PROMPT
Give the lines again exactly as they appear below, from the line with "Master chief collection русификатор." to the line with "Texas fined for", both included, and only those lines. Leave every picture out.
====== AVAILABLE DATA
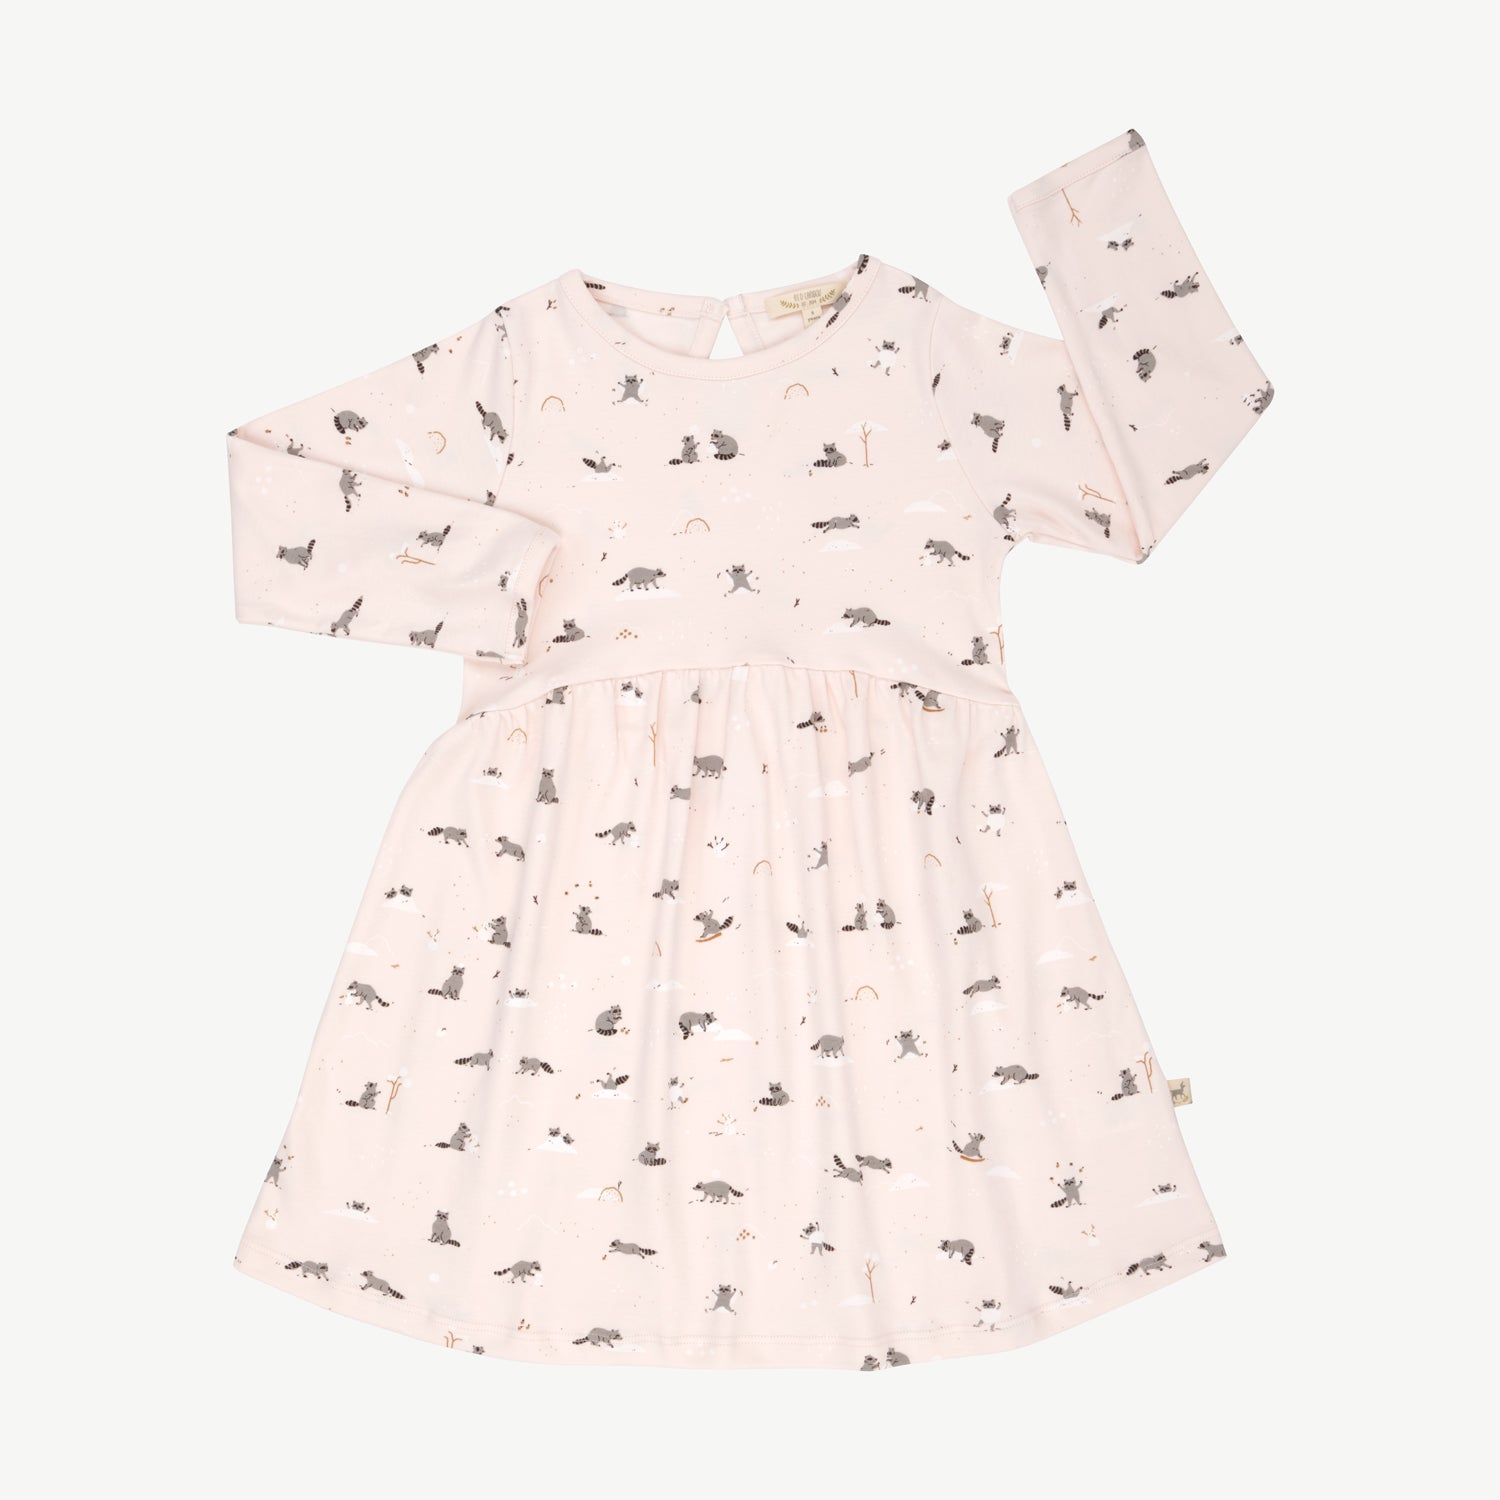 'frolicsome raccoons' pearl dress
============
====== AVAILABLE DATA
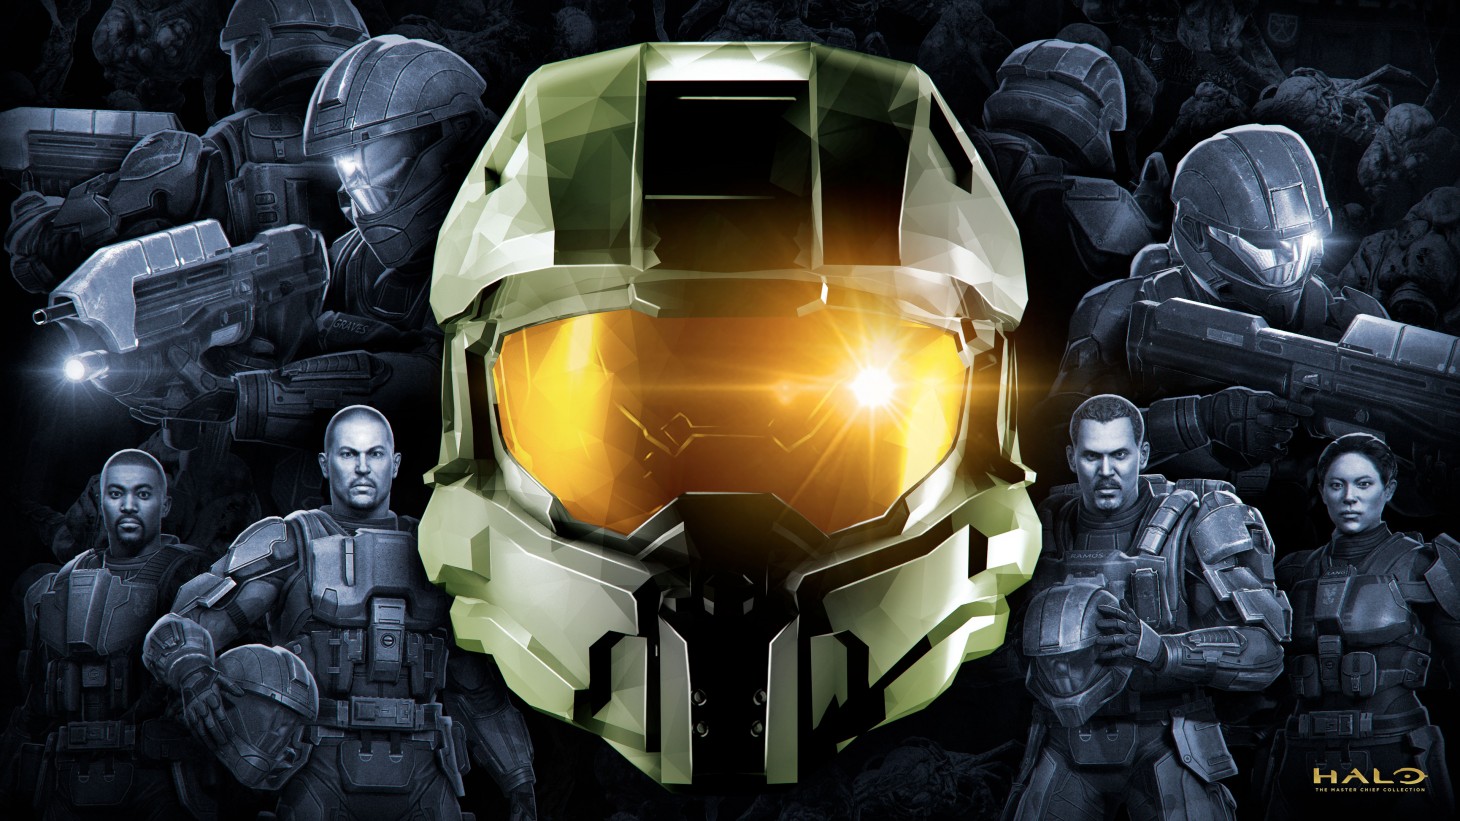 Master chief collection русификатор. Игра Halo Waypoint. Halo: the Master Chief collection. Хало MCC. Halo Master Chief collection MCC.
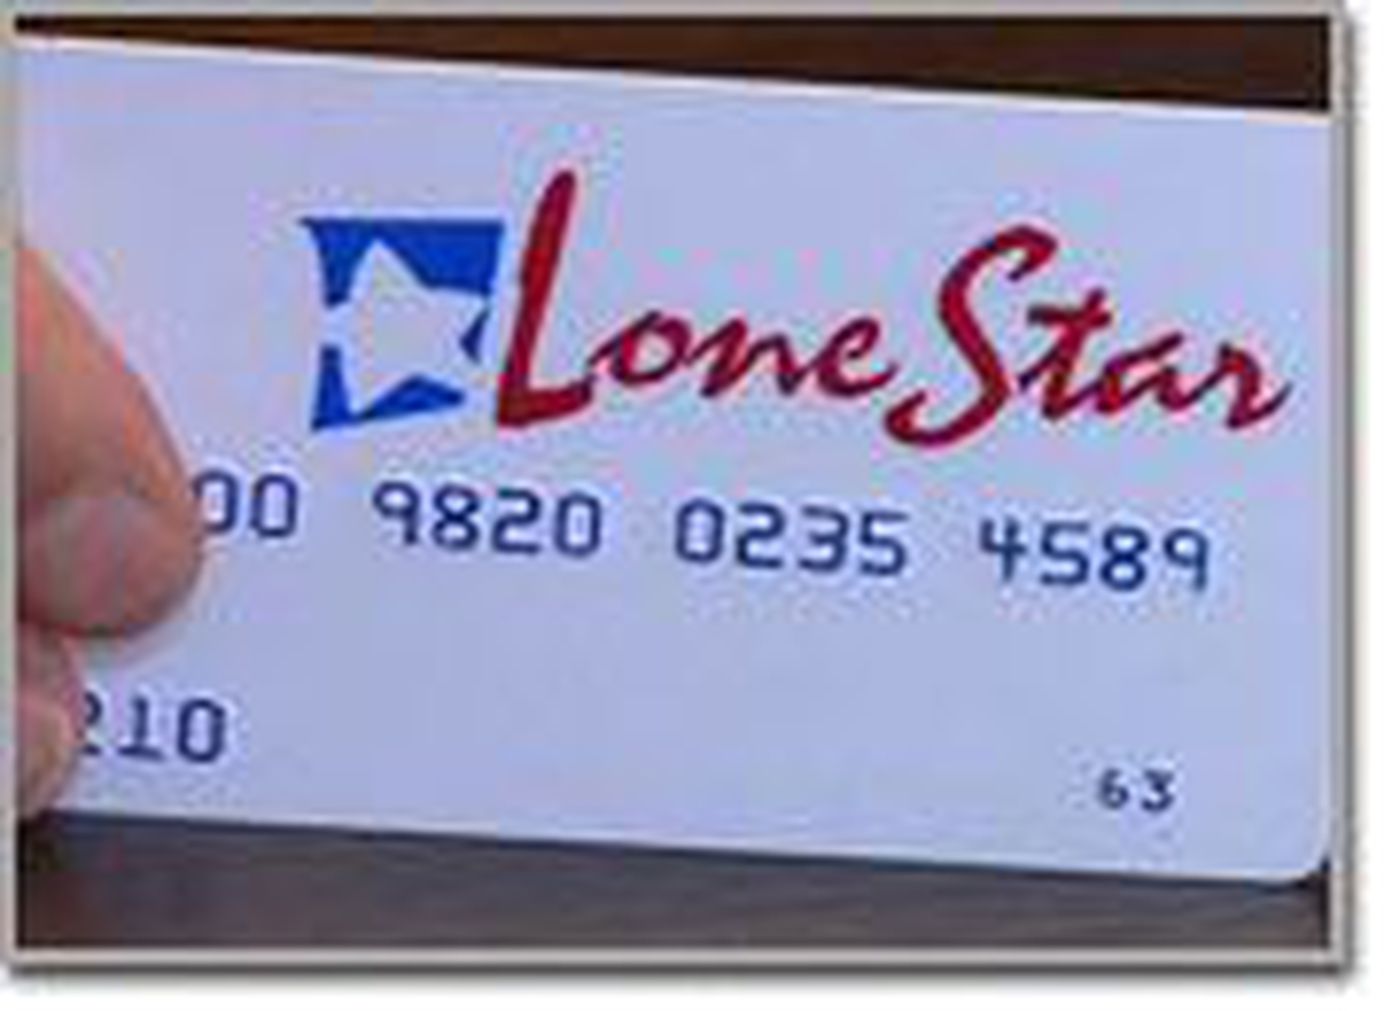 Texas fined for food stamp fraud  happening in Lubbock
============
====== AVAILABLE DATA
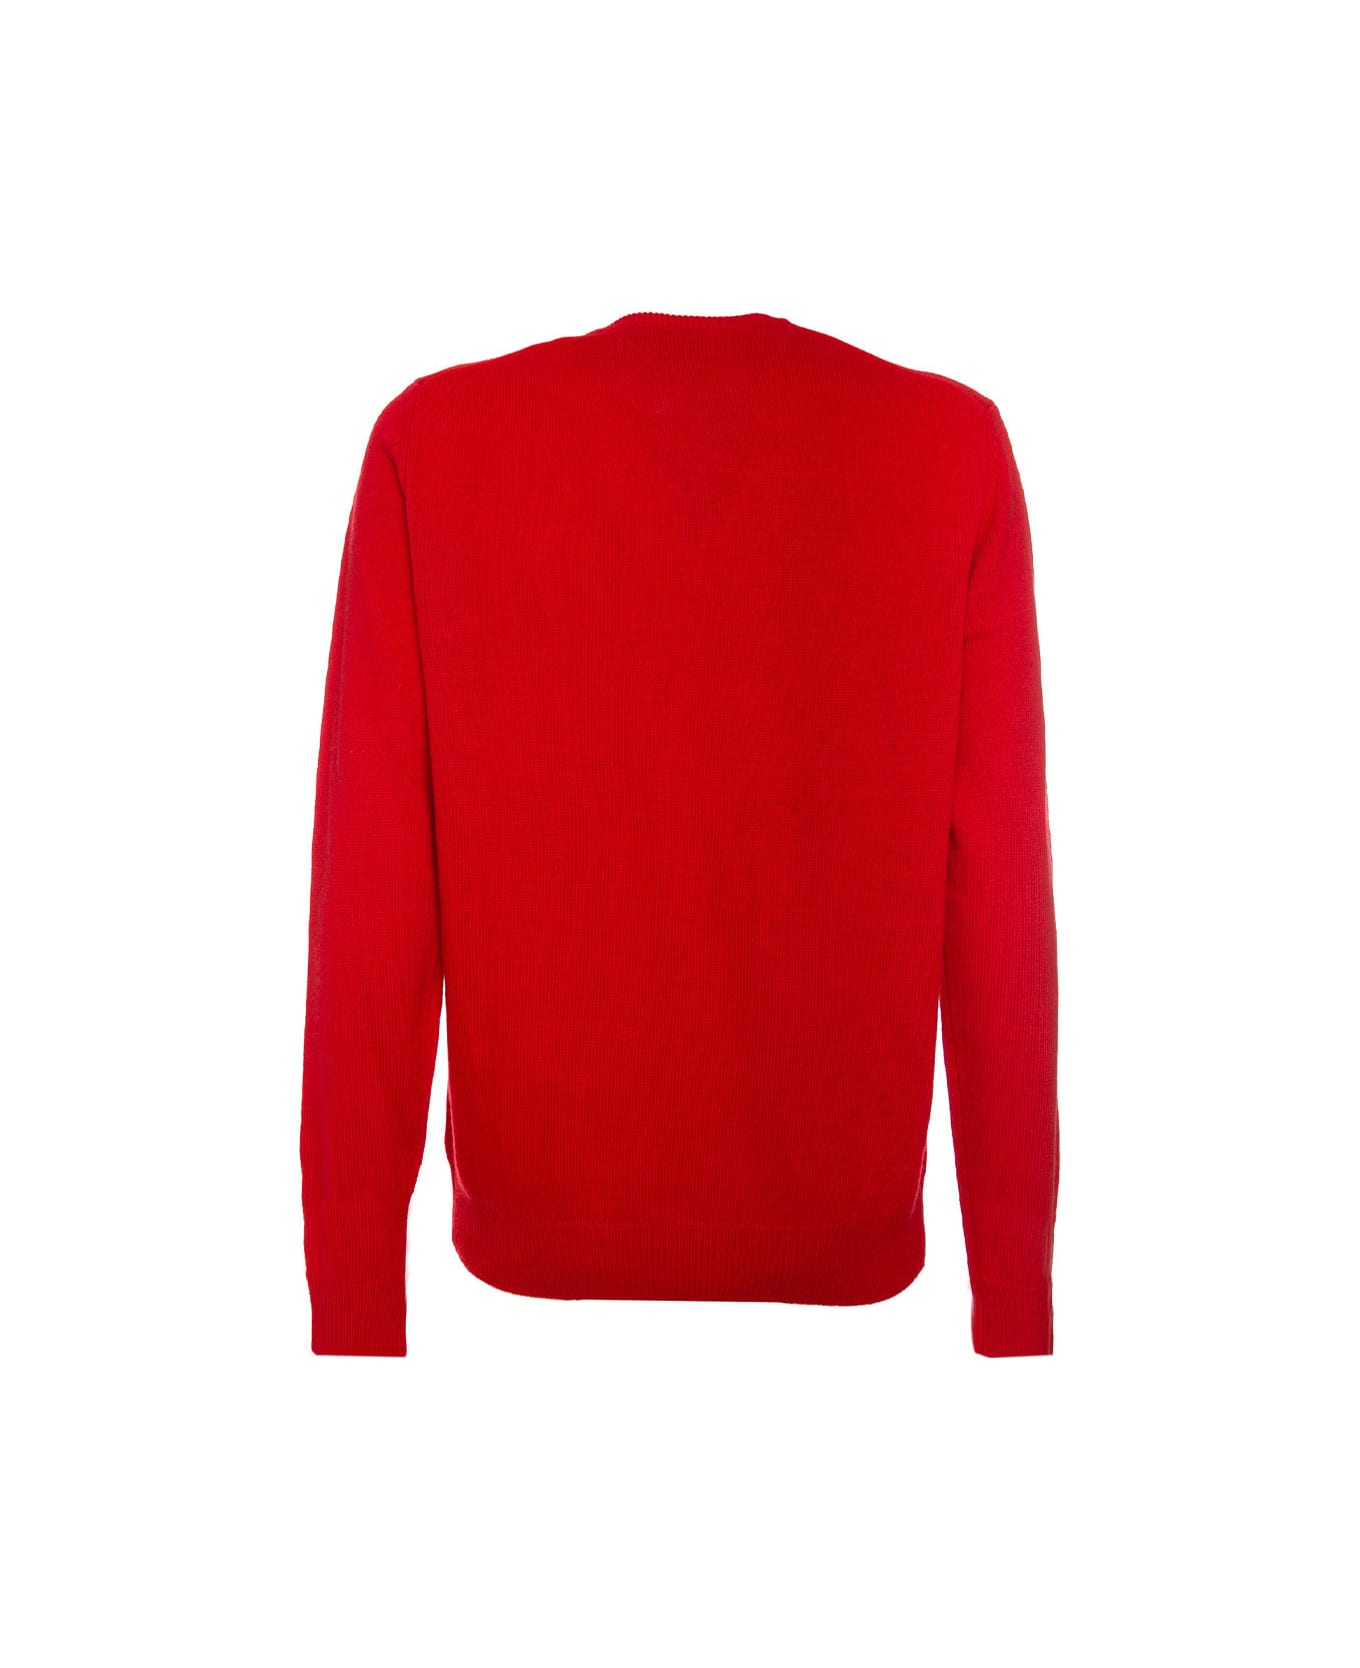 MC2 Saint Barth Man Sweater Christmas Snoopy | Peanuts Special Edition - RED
============
OUTPUT FOR THIS TASK
 Master chief collection русификатор. Игра Halo Waypoint. Halo: the Master Chief collection. Хало MCC. Halo Master Chief collection MCC.
 Texas fined for food stamp fraud  happening in Lubbock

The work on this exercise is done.